Hello. How does one say "when push comes to shove" in Danish? There are different nuanced meanings, but I mean it as "if we absolutely must" or "if there's no other choice." Thank you in advance!


----------



## Billebob

"Når det kommer til stykket" or "Hvis det ikke kan være anderledes" would probably be the terms I would use.


----------



## aparis2

Tak så meget!


----------



## Billebob

Velbekomme.

Bonus: "Tak så meget" is the Swedish way of saying Thanks (Tack så mycket). In Danish we'd say "Mange tak" =)


----------



## bicontinental

aparis2, do you have a specific sentence in mind that you could share with us?

I like Billebob's second suggestion, _hvis ikke det/det ikke kan være anderledes_ (literally _if it can't be any different_). Or you could say, _hvis det er strengt nødvendigt_ (if it's absolutely necessary), _hvis vi er hårdt presset_ (if [we're] hard pressed) or _hvis den er helt gal_ (if we're in too deep), just to mention a few other possibilities.

But...I can't think of a situation where I'd use _når det kommer til stykket_ (when it comes right down to it, when it really matters) for this particular English idiom.

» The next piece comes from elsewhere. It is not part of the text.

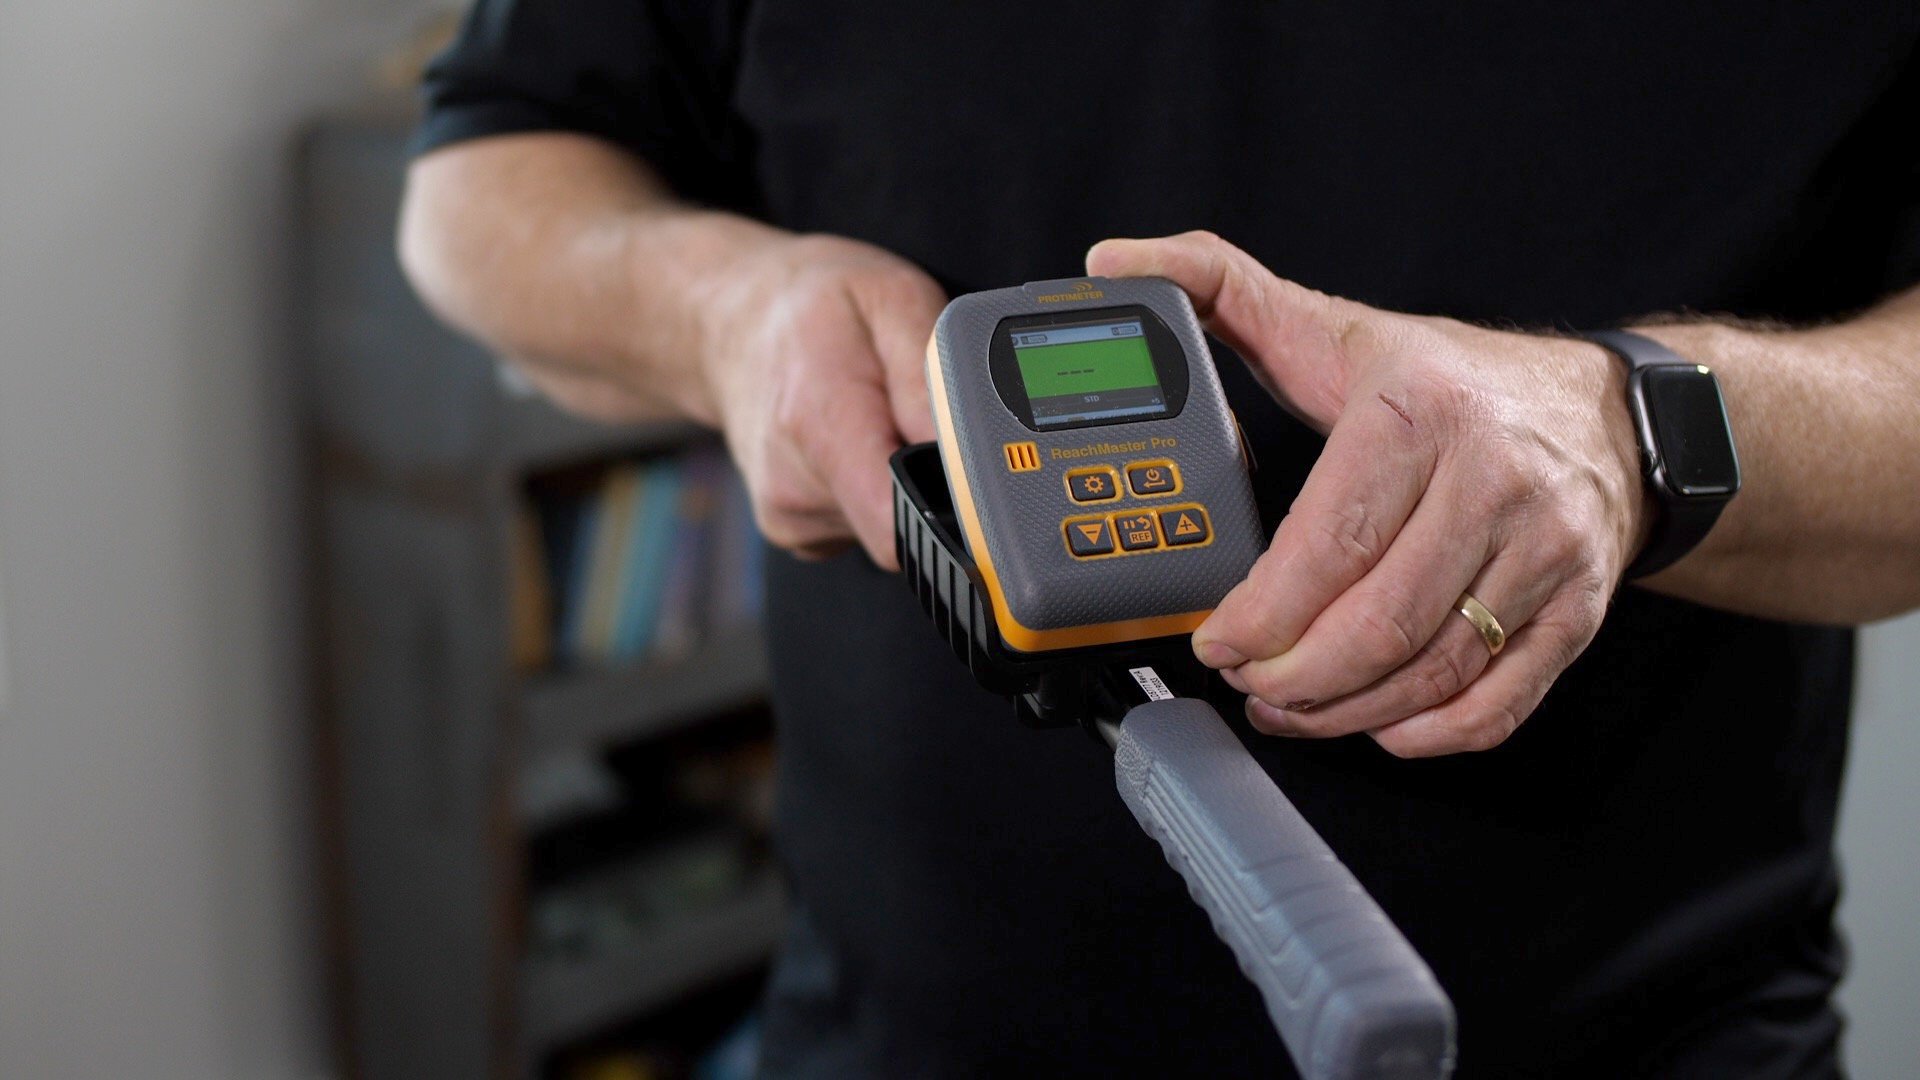 Home Inspection Training: Using a Moisture Meter

Maybe we can be more helpful if we have the actual sentence to work with.

Bic.


----------



## Billebob

bicontinental said:


> But...I can't think of a situation where I'd use _når det kommer til stykket_ (when it comes right down to it, when it really matters) for this particular English idiom.
> 
> Maybe we can be more helpful if we have the actual sentence to work with.



EN "When push came to shove, we were always there for each other".
DA "Når det kom til stykket var vi der altid for hinanden"


----------



## bicontinental

This may be a difficult one to explain, but in my view there’s a difference here, albeit subtle:

_Når det kommer til stykket_ tells me how a situation is in reality, in essence, when you really consider the situation, when it comes right down to it… frequently this is in contrast to what people might have thought otherwise. _Politicians always promise the world, but when it comes right down to it they don’t follow through on their promises..._ (men når det kommer til stykket, i virkeligheden, når det gælder holder de alligevel ikke, hvad de har lovet.) Example inspired by ordnet.dk.   når det kommer til stykket — Den Danske Ordbog

That’s also how I interpret your example above in post #6.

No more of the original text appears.